The pay rises were lower for those on higher wages. FT journalists earning between £50,001 and £60,000 received an 8.5% rise, while those earning between £60,001 and £70,000 got 8%. For journalists making between £70,0001 and £80,000, there was a pay increase of £5,250 and for those making more than that, £5,000.
But, Ridding notes, the FT’s mission to be viewed as a destination employer within the media industry is about more than money. “The expectations of employees are high [when it comes to perks and benefits], and so they should be,” he says. “I also believe they want to work for an organisation that has the right values, and I believe we do, including on subjects like the environment and sustainability.”
On the FT’s workforce diversity, Ridding says “it’s a work in progress, but one that we take very seriously.” According to its 2021 diversity and inclusion report, of the FT’s global workforce 53.7% are women, including nearly half (46.7%) of 598 the editorial staff. Nearly a quarter (23.6%) of the FT’s global workforce identify as an ethnic minority, but only 13% at a senior management level.
Where other media outlets might be guilty of simply trading on their name and taking advantage of a pipeline of wide-eyed graduates who just hope to write for a living, Ridding insists that the FT “won’t just sit back.” He adds: “We’re extremely active in looking for talent and encouraging applications from where we might not traditionally receive them.”
The FT, AI and the future
Rather than fearing artificial intelligence, Ridding says the FT wants to understand it, use it and hold its proprietors accountable.
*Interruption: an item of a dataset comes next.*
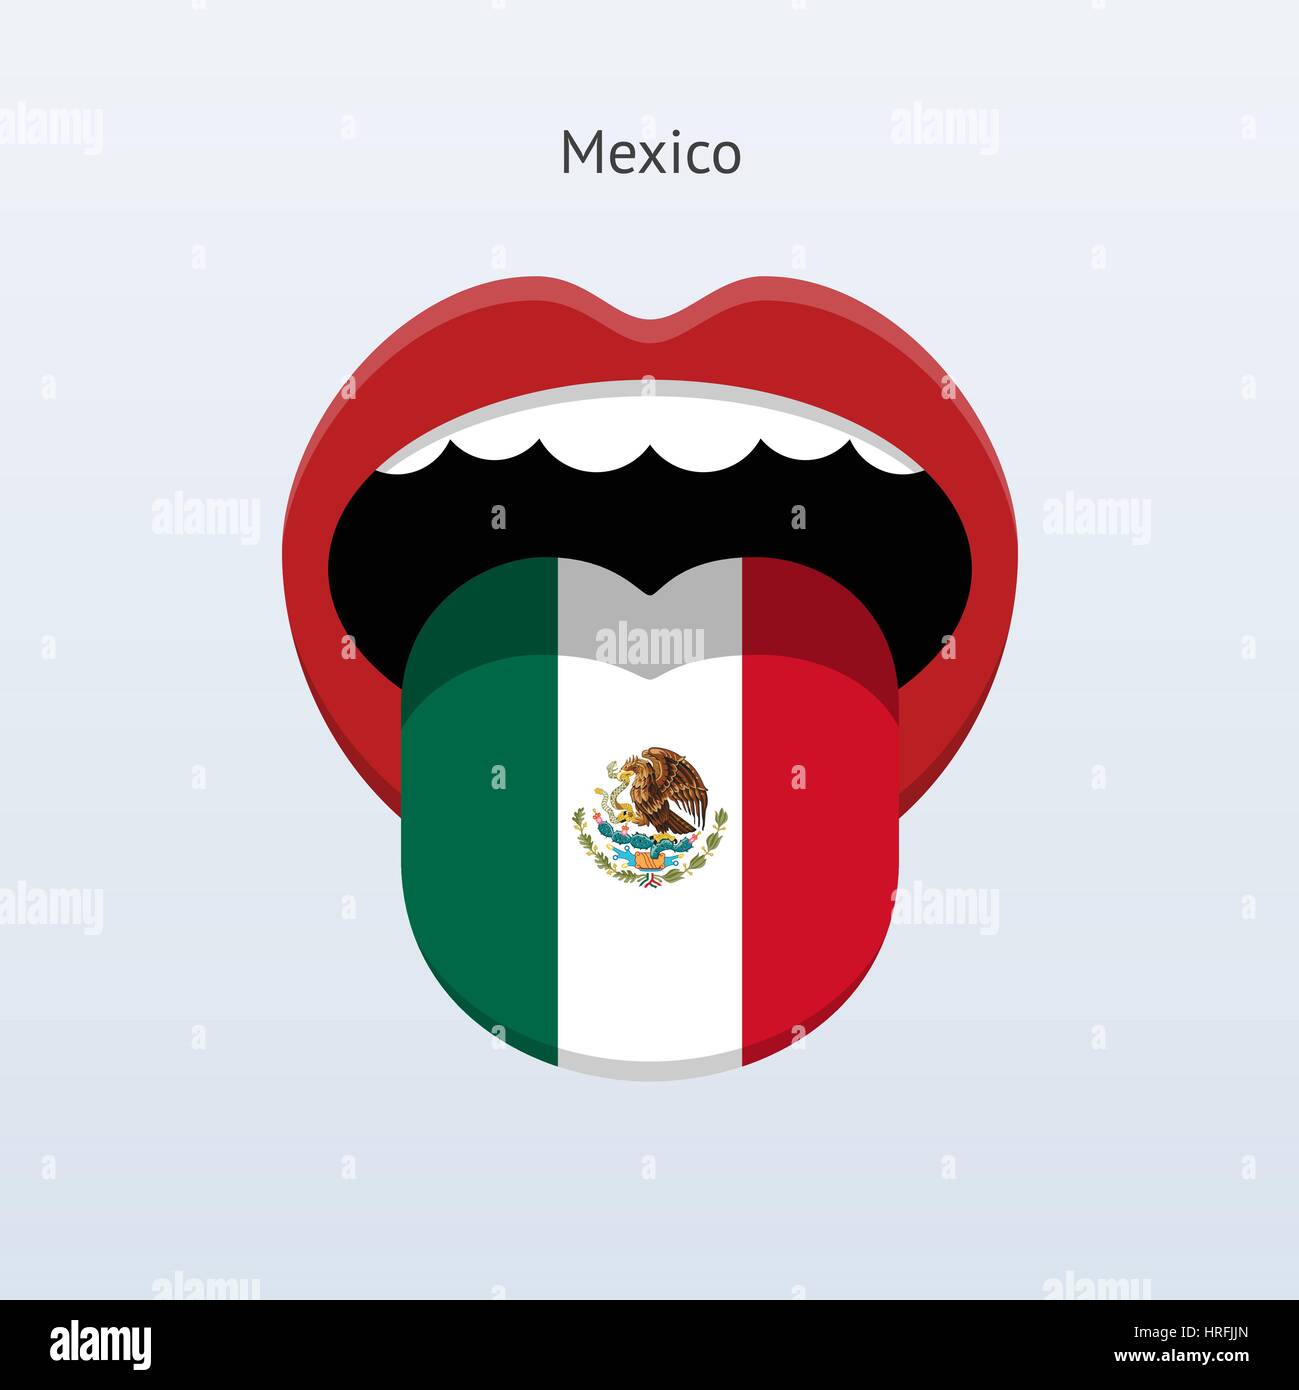 Государственным языком мексики является. Мексика язык. Мексиканский язык. Язык мексиканцев.

Earlier this month, on the guidance of Khalaf, the FT appointed its first AI editor in Madhumita Murgia. “That was a bold decision by Roula,” he says approvingly.
Ridding does not doubt AI’s potential to be “powerful and transformative”. In fact, he is excited by the efficiencies it might drive in the newsroom, through better capabilities to transcribe interviews, for example.
But, in terms of a potential threat to content production, the 35-year FT veteran who has played a key role in shaping the publication’s history retains full confidence in its future. “If you ask ChatGPT to write an essay, or a story, does it do it well? ChatGPT isn’t going to break a story. It’s never going to be [the FT’s chief economics commentator] Martin Wolf. There’s a level of journalism where the FT plays and operates, and that is safe.”